This ligament (fig. 366), it will be remembered, has its origin behind the knee, and joins the perforans tendon about one-third of the distance between the knee and fetlock-joint.

Sprain of this important structure is not uncommon, especially in draught-horses when engaged in moving heavy loads out of deep holding ground or over slippery surfaces. In race-horses and hunters it usually occurs in the last efforts of a hard finish, or towards the close of a long run when the muscles are tired, and the ligaments are called upon to bear an undue amount of weight and resist the impulse of velocity.

Symptoms

This accident is indicated by the appearance of a hot painful enlargement immediately below and behind the knee, accompanied by considerable lameness, the most prominent feature of which is that the heel of the foot is not brought to the ground in progression, and the weight of the body is quickly transferred to the opposite limb. When standing, the fetlock is maintained in a semi-flexed condition, and such weight as the foot receives is imposed upon the anterior part. With the effusion and swelling which follows severe sprain to this structure it may be difficult to determine accurately what parts are involved, and to what extent.

The Check Ligament.

Fig. 366. - The Check Ligament.

1, Flexor Pedis Perforatus.

2, Flexor Pedis Perforans.

3, Check Ligament.

4, Sheath.

5, Suspensory Ligament. 6, Extensor Pedis.

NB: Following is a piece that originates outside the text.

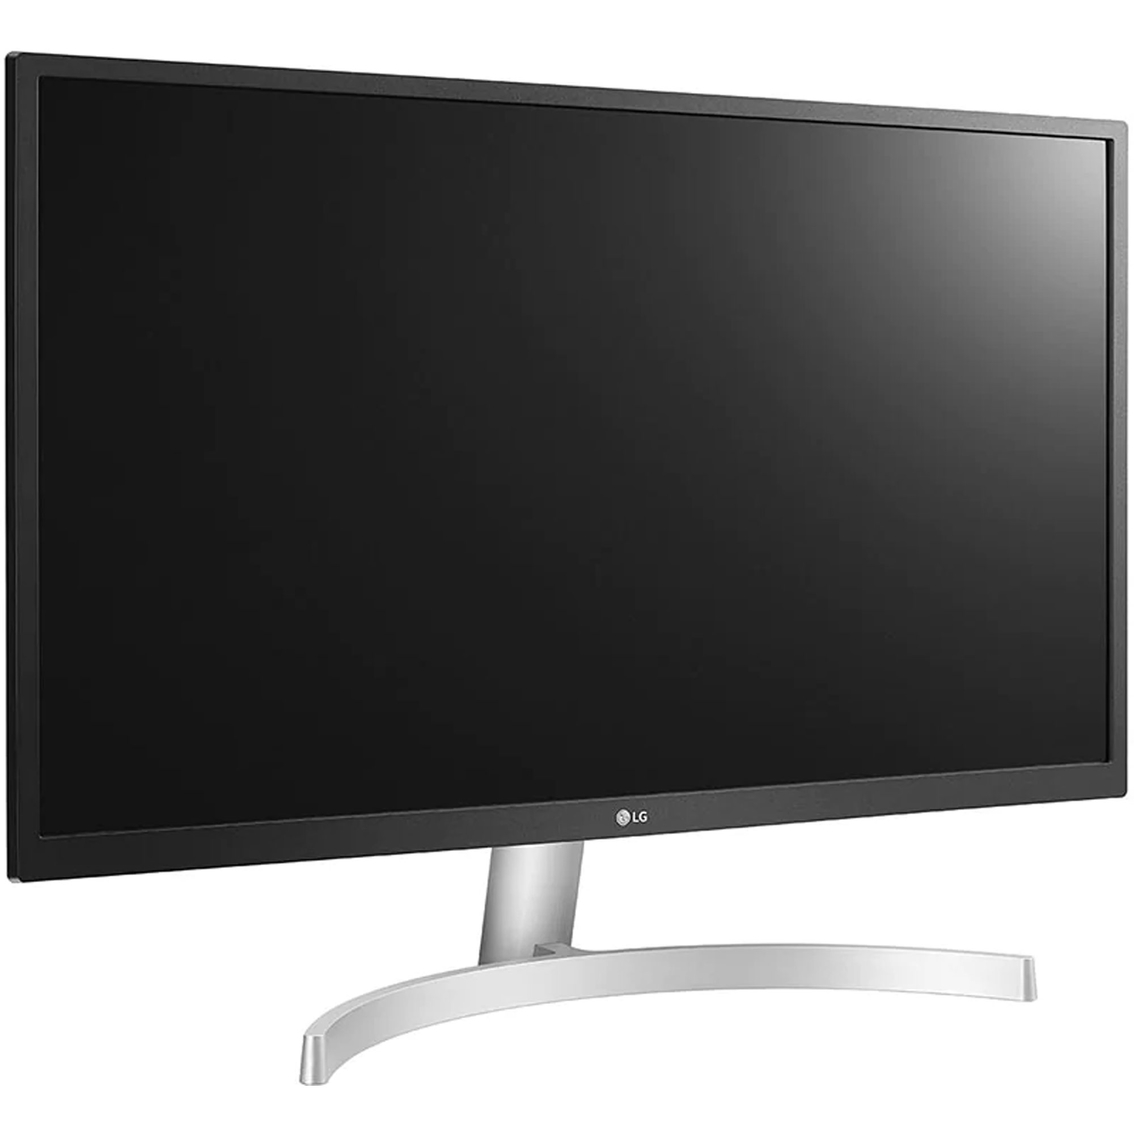 LG 27 in. 4K UHD IPS LED Monitor with HDR - Image 3 of 7

7, Flexor Metacarpi Exter nus.

In slight cases, too, where the lameness is not considerable, a good deal of care is needed to discover the seat of trouble. When this is so the leg should be raised and the canon forcibly extended on the operator's knee. At the same time the operator must firmly compress the ligament between the fingers along its length, noticing while so doing any tenderness which the animal may display, or any enlargement the part may show by comparison with the opposite ligament.

Treatment

The aperient dose recommended in connection with sprains of other structures is advisable here, and the lines of treatment in the last article should be followed, with the addition of placing a high-heeled shoe on the foot so that the injured ligament may be relieved from traction and put to rest. Care will be needed not to allow the heels to be raised too long lest in the course of reparation shortening of the tendons result.